We don’t ship nightly / dev tags pre-1.0 — image tags only land when a real GitHub Release fires.

kino’s built-in WireGuard client works inside the container if you grant it NET_ADMIN:

services:
kino:
# ...
cap_add:
- NET_ADMIN
devices:
- /dev/net/tun

The VPN stays internal to the container — your host’s networking isn’t touched. Configure the VPN provider in Settings → Downloads → VPN once kino is running.

If you’d rather route through an external WireGuard / VPN sidecar container instead, that works too — set network_mode: "service:<your-vpn-container>" and disable kino’s internal VPN.
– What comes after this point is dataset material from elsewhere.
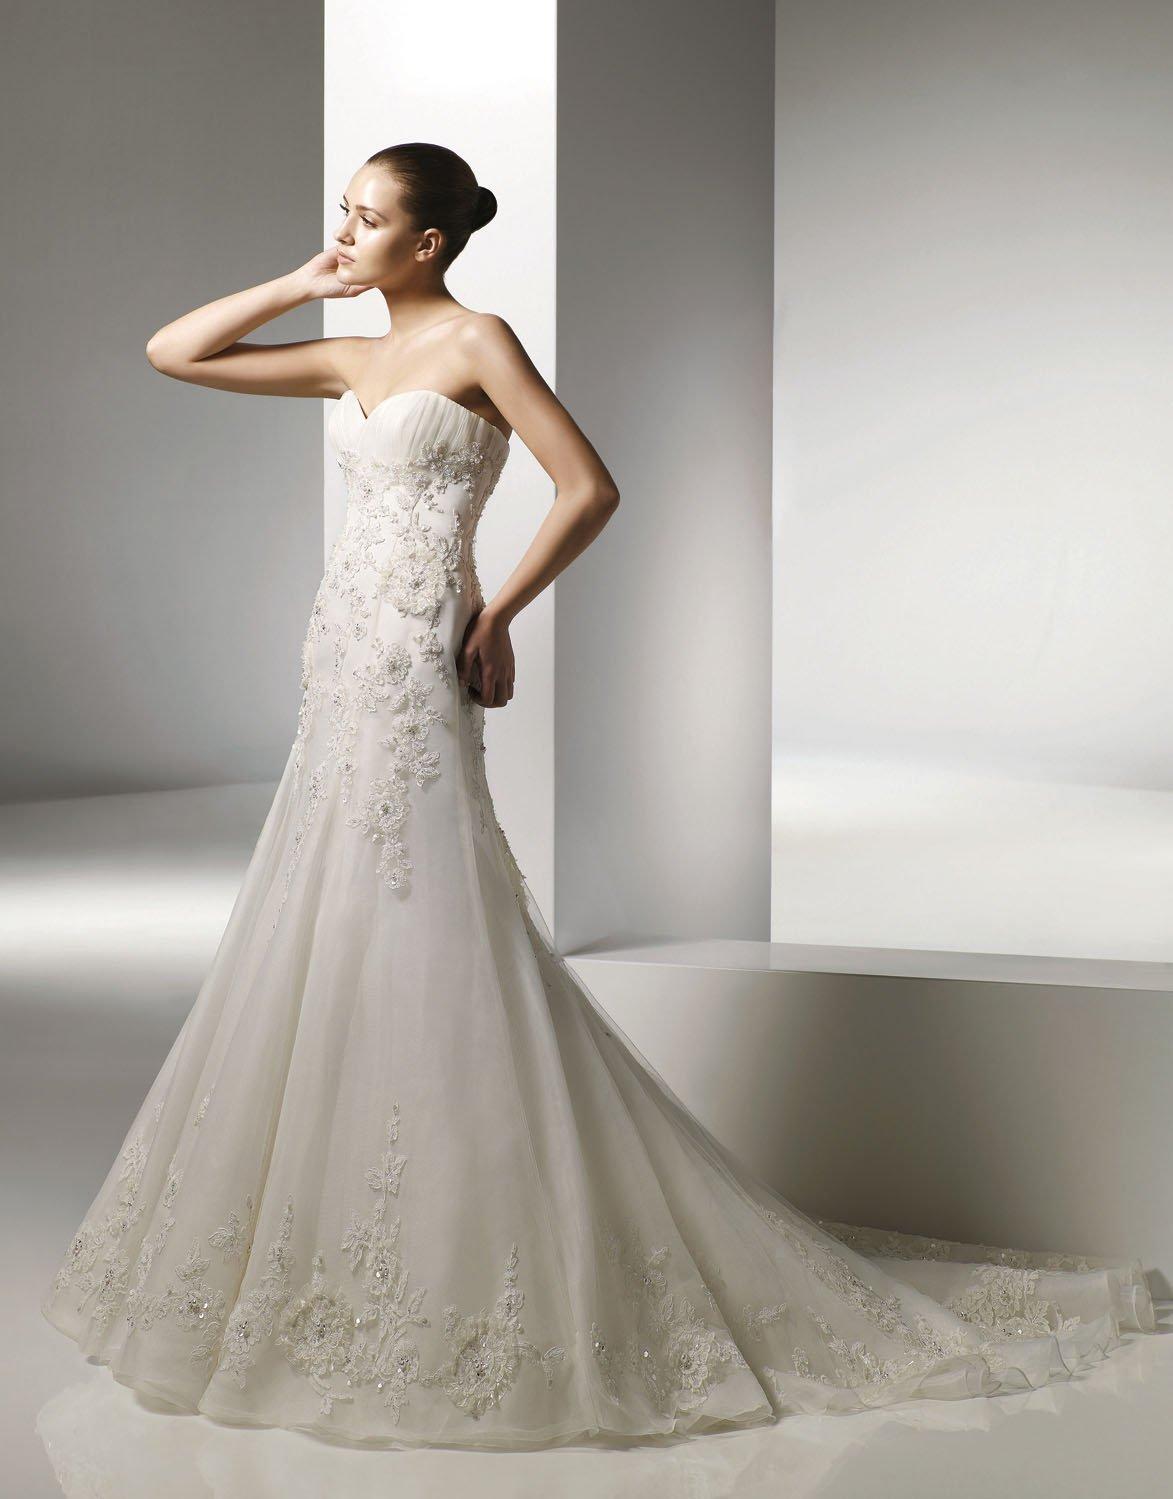 V-neckline Appliqued Beading Organza Wedding Dress Bridal Gown aq0036

The Docker image is built without GPU drivers by default (NVENC, VAAPI, QSV add ~200 MB and aren’t useful on most user systems). For hardware transcode in containers, mount the host’s /dev/dri/renderD128 device and run with the host’s vendor driver already installed:

services:
kino:
devices:
- /dev/dri:/dev/dri
group_add:
- "104" # video group; check `getent group video` on your host

Verify in Settings → Playback → Transcode that the expected encoder shows up.

Terminal window
docker compose pull
docker compose up -d

kino runs database migrations on startup; the new container picks up the existing /data volume and migrates in place.

Volume mount the /data directory — that’s the entire kino state (SQLite DB, librqbit session, image cache, backups). Snapshot the host volume + your media path is the full backup.